O, daha çok denizi dibinde tertemiz kumlarla çakılları görünen saatlerinde seviyordu. O duru, saydam sularda hiçbir korkutucu düşsel ya da gerçek korkutucu varlık barınamazdı. Gözlerinin güvenle baktığı her yer onun ülkesiydi.
Canlıların yok edildiği bir dünyada insan ruhu yalnızlık duygusundan ölür gibi geliyor bize.

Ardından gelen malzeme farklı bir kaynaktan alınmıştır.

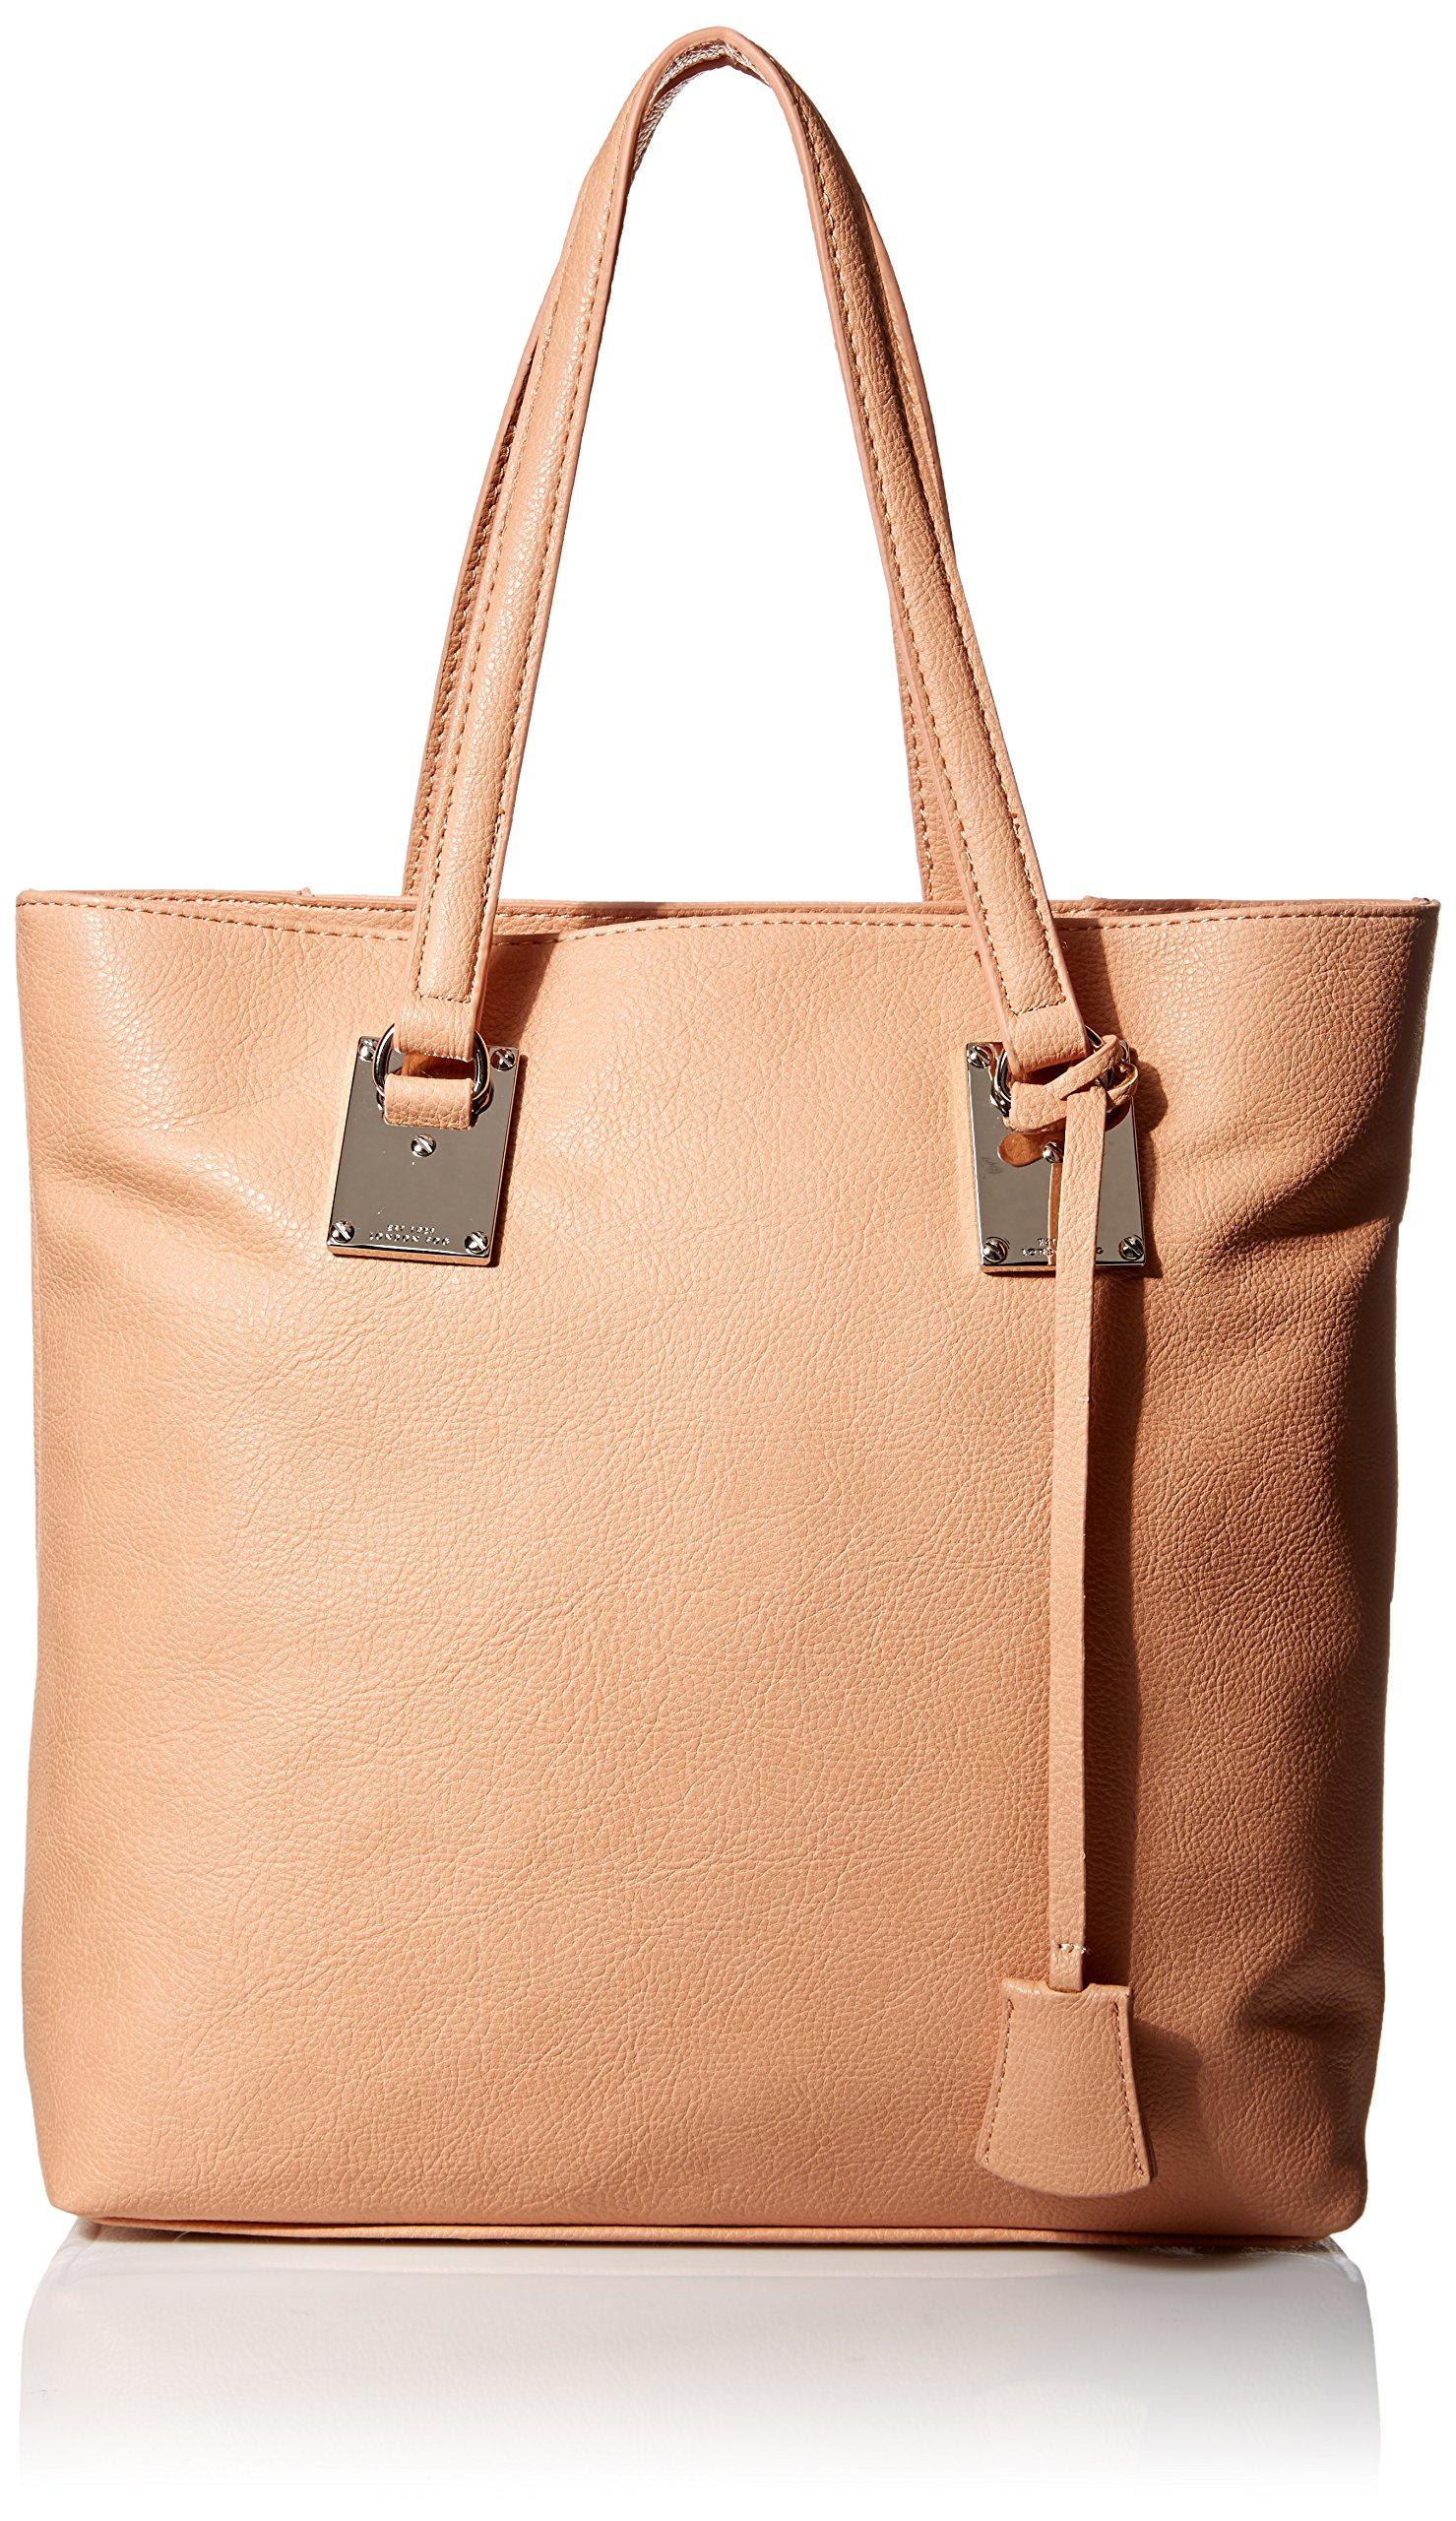 London Fog Smithfield Style Tote Bag ,Peach ,One Size by London Fog

Unutmayın; bugün canlıların başına gelen, yarın insanın başına gelecektir. Çünkü, bunlar arasında bir bağ vardır. Toprak insana değil, insan toprağa aittir.
Kışları sahile gitmeyi çok seviyorum. Az insan oluyor ve kendinle baş başa kalabiliyorsun. Bir kaç kişi olduğu zaman da onları izlemek hoş oluyor, onlar hakkında düşünmek. Biraz da estiği zaman hava güneşle birlikte, işte o zaman okuduğun kitaba, düşüncelere, dertlere kaygılara veya güzel olan her şeye kapılıp gidiyorsun. Ben bir kış günü kahvemi içip kitabımı okurken şu önümde oturan adamı düşünmüştüm. Biraz yaşlıydı ve öyle güzel seyrediyor du ki ileriyi onun baktığı yerden ne gördüğünü, ne düşündüğünü bir olup hayal ettim. Çok güzel dir kışın bir gün batımında sahilde kahve içip kitap okumak.